It’s the autumn of 1987, but not yet the fall of the Soviet Union as we’d known it. Mikhail Gorbachev’s twin punch reforms, perestroika and glasnost, remain in formative stages, with Soviet hard-liners intent not only on stopping these initiatives but seeing Gorbachev dead if he in any way compromises a still-in-development, all-powerful defense system during his nuclear disarmament talks with President Reagan.

In the closing episode of a somewhat sleepy Season 5, Philip and Elizabeth aborted their intended return to the Soviet Union after new information -- there’s always new information -- made it seem necessary to stay in the States as undercover operatives. But in a setup for the Season 6 opener (Wednesday, March 28th, 9 p.m. central), Elizabeth offered to go it alone while an increasingly disenchanted Philip devoted his full energies to what’s been their more or less mock travel agency.

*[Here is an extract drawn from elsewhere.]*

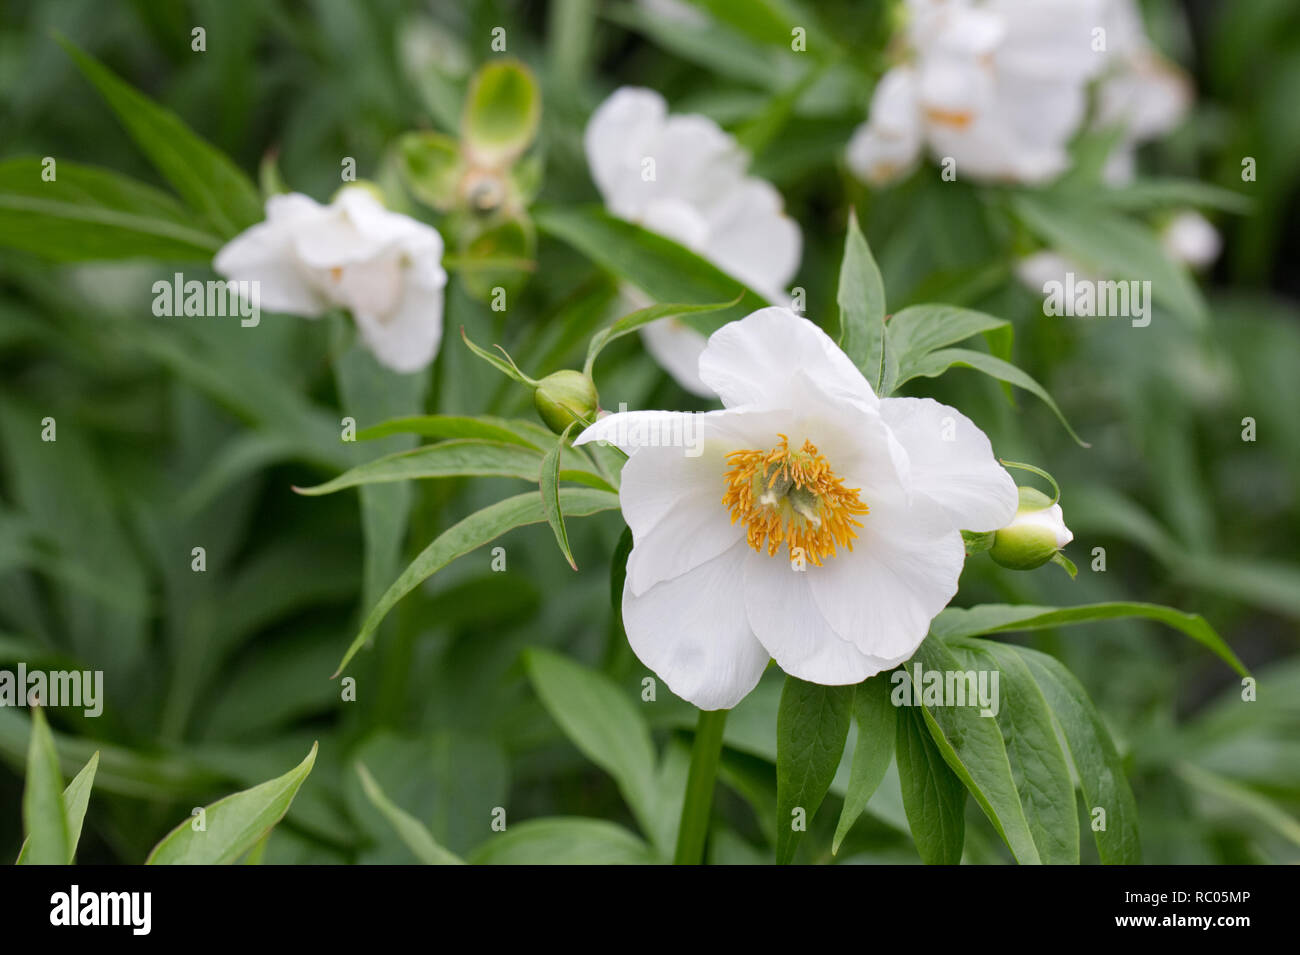 Paeonia emodi flowers in Spring. - Stock Image

“Maybe you should stop,” she told him. “I’m making you stay and it just keeps getting worse for you. I don’t want to see you like this anymore.”

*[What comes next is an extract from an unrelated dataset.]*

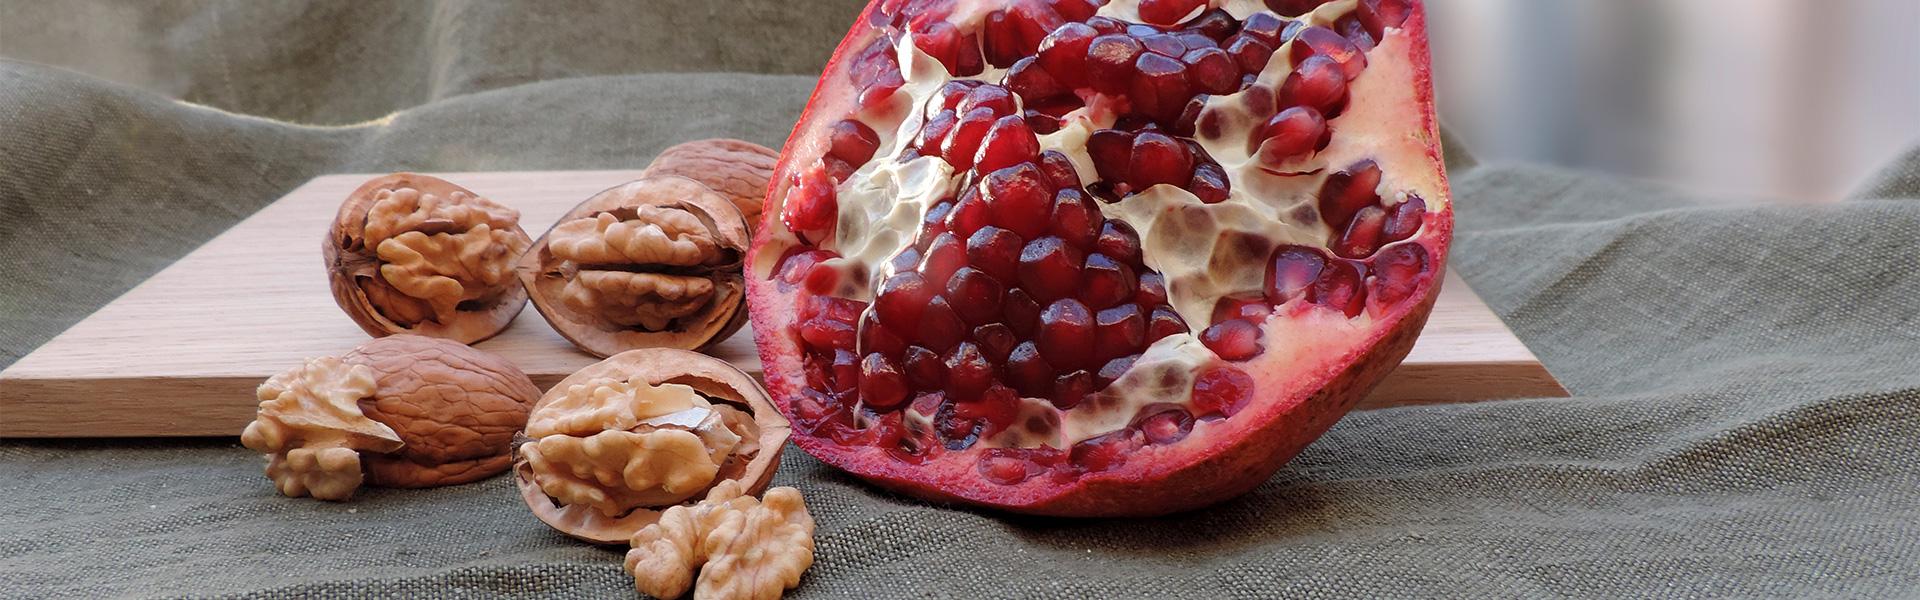 Walnüsse & Granatapfel

As the Season 6 opener unfolds, we see that he’s very much taken her up on this. The travel agency rather suddenly is much better appointed and being actively run in full capitalist mode by Philip. This is never more evident than in Episode 3, when he calls the staff together and challenges them to book more cruises because they’re a big profit-maker. In Episode 1, Philip’s even having a good time line-dancing to “Louisiana Saturday Night.” If that’s not assimilation, well . . . what is?

Elizabeth increasingly is Philip’s opposite, working with the forces that want to stop Gorbachev in his tracks while also further training daughter Paige (Holly Taylor) in the fine arts of spying with help from the veteran Soviet overseer, Carla (Margo Martindale). Each of the three episodes made available for review include Elizabeth viciously or self-defensively killing someone. Duty calls, after all, although the constant stress has Elizabeth smoking more than ever while her face is starting to flip the haggard switch.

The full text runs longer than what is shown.